/Electricity-Fraud-Detection

Primary LanguageJupyter NotebookMIT LicenseMIT

Electricity Consumption and Fraud Detection in China

This project is focused on using machine learning techniques to identify fraudulent electricity consumption in a population in China. The dataset used for this project contains information on the electricity consumption of individuals in the population and whether or not they have been labeled as fraudulent.

Dataset ( Contact me if you want the Dataset used )

The dataset used for this project contains the following features:

  • id: unique identifier for each individual
  • date: each date colum represents the day the data was preleved in.
  • label: whether or not the individual has been labeled as fraudulent (1 = fraud, 0 = not fraud)

The dataset contains 10,000 observations.

Exploratory Data Analysis

Before building any models, we performed exploratory data analysis to gain insights into the dataset. We visualized the distribution of the consumption feature and found that it was positively skewed, indicating that the majority of individuals consume less electricity than the average.

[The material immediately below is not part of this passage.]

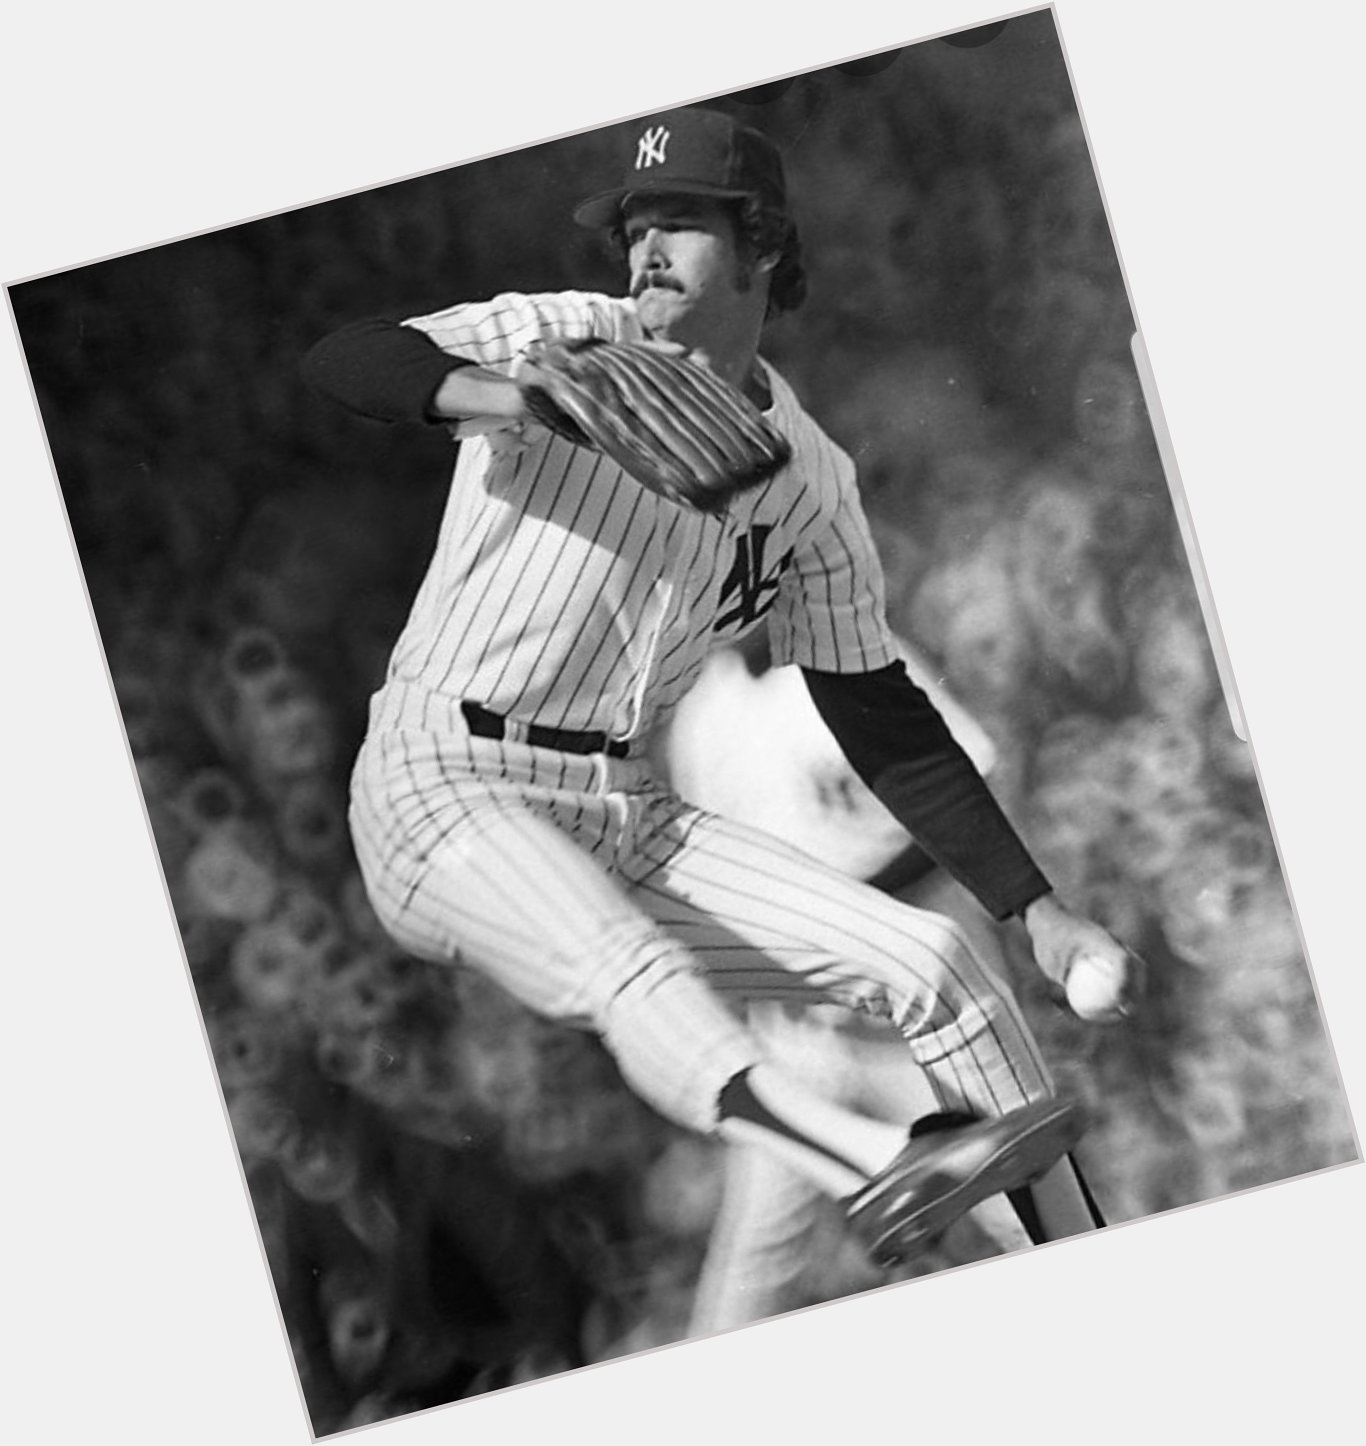 Happy birthday to one of my all-time favorite Yankees, Louisiana Lightning Ron Guidry 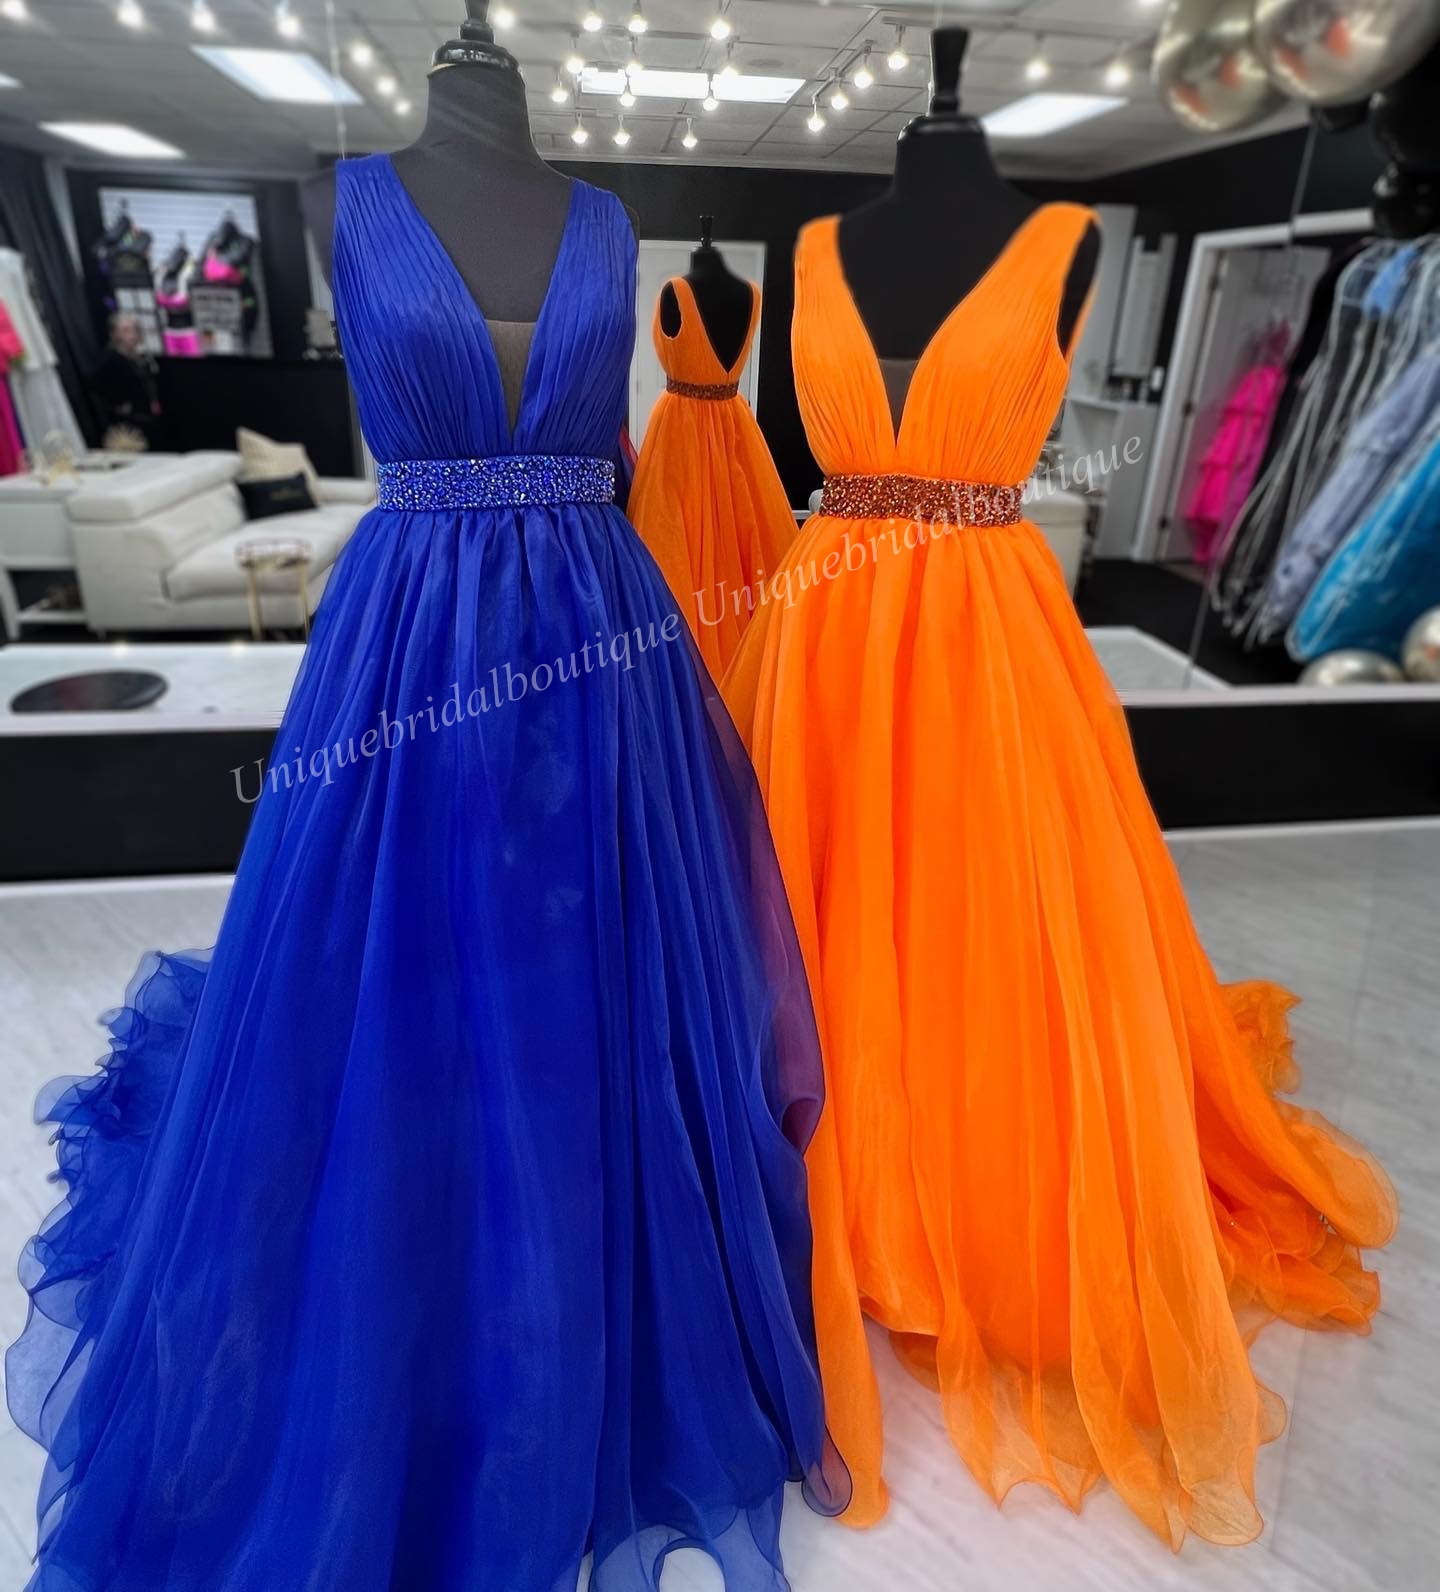 Plunging V-Neck Ballgown Prom Dress 2k23 Orange Organza Crystal Waistband Lady Pageant Formal Evening Event Party Runway Black-Tie Gala Gown Junior Senior Royal Red

We also looked at the distribution of the label feature and found that there were significantly more non-fraudulent individuals than fraudulent individuals in the dataset.

Machine Learning Models

We used several machine learning models to predict whether or not an individual was fraudulent based on their electricity consumption. The models used were:

  • K-nearest neighbour
  • Logostic Regression
  • Support Vector Machines (SVM)
  • XGBOOST

Conclusion

In this project, we used machine learning techniques to identify fraudulent electricity consumption in a population in China. We found that the Random Forest model performed the best in predicting fraud, with an accuracy of 90%. This could be used to help identify individuals who are committing fraud and take appropriate action.